# 8-9 Texas bobcats looking for a good home...



## El Gato Loco (Jan 15, 2010)

Hey guys,

I have 8 or 9 (have to check again) Texas bobcats that are looking for a good home. A couple are smaller, most are decent sized cats. I am not going to get around to skinning them and I need to free up room in the freezer.

Ideally I would just like a couple wall hangings, and a cleaned skull from the one I shot last year. If someone can get me those things, you can do what you want with the rest.

1 - I started to skin and whacked it's tail. Would probably only be good for crafts and making bait / lure.
1 - is split down the back and everything from the base of the neck to the tailbone was removed to make room for it in a cooler.

All were harvested with a rifle so will have a small hole in need of repair.

Send me a PM if interested. I would rather not ship them so pickup / meet-up in TX is a must.
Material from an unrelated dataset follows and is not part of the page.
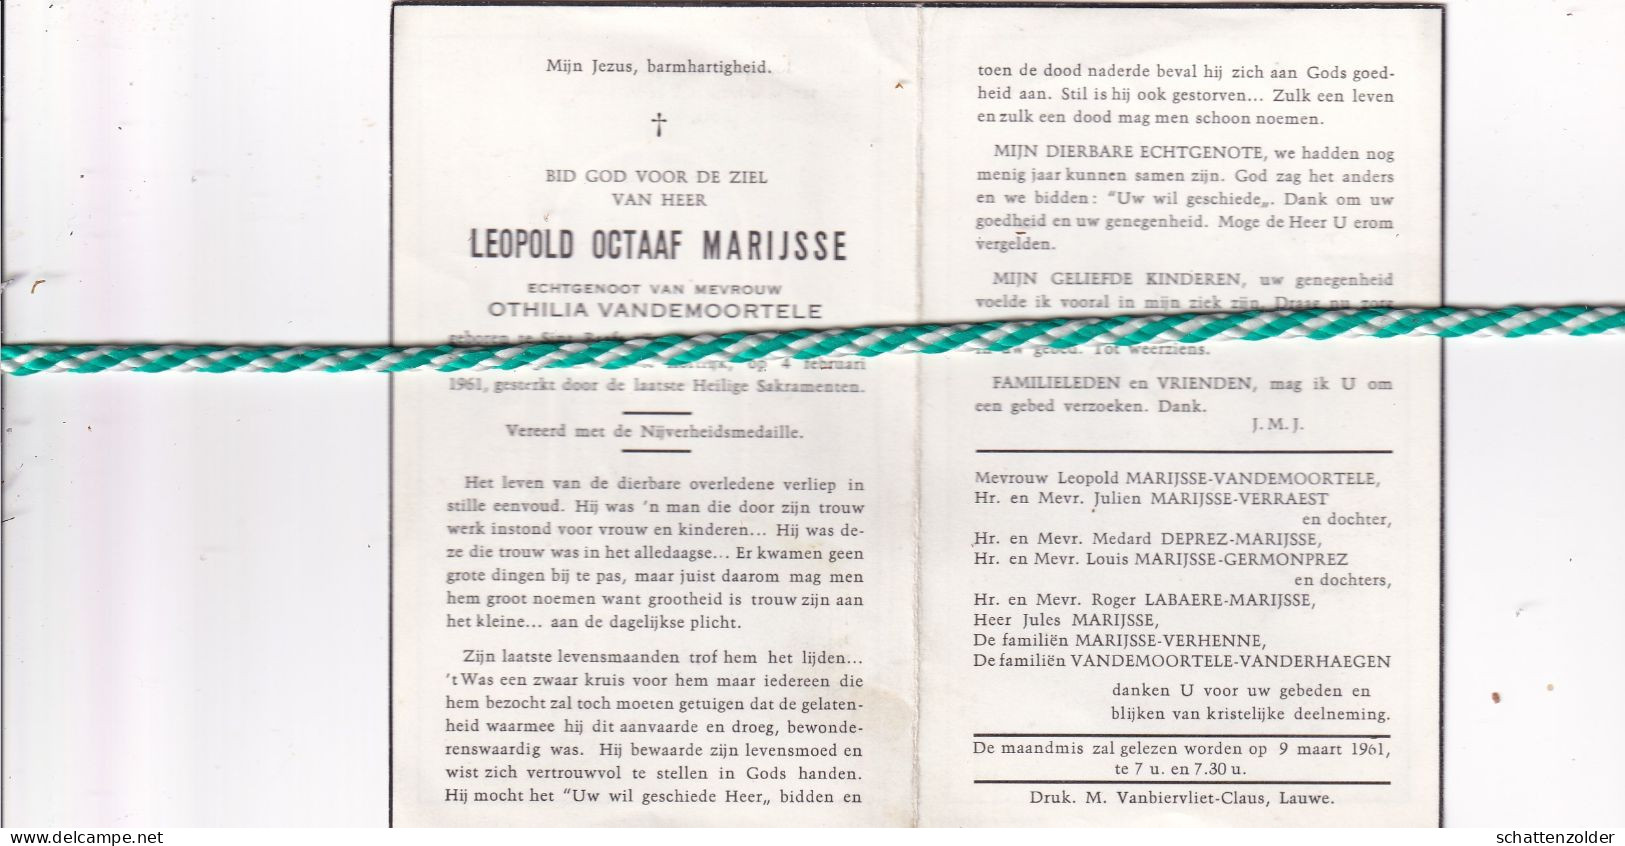 Leopold Octaaf Marijsse-Vandemoortele, Sint-Baafs-Vijve 1896, Kortrijk 1961 - Obituary Notices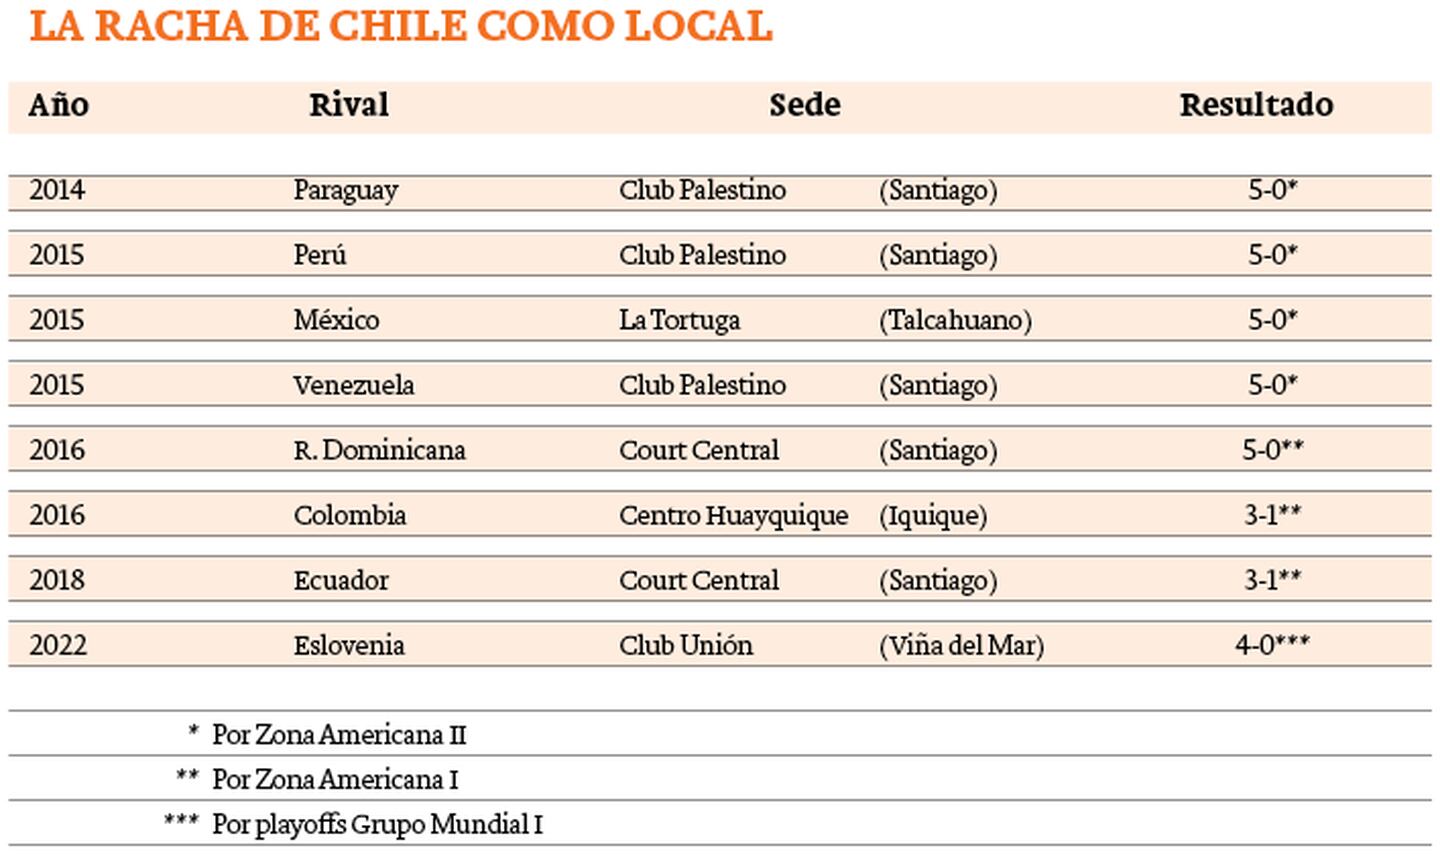 Chile como local

Not going to guarantee prime fur because these were not taken by me and I am not an expert, although I believe most were taken in winter. They should be useful to someone though.

Thanks


----------



## hassell (Feb 9, 2010)

The freezer part brings back memories, though Mom is slowly going down hill we were just talking about freezer's and she remembered when I started trapping and finding things with fur on it in bags and or bait and would be hollering to get this stuff out of the freezer cause she needed the room. HA!! Bless her heart.


----------



## catcapper (Feb 11, 2010)

Someones gonna get a good deal.


----------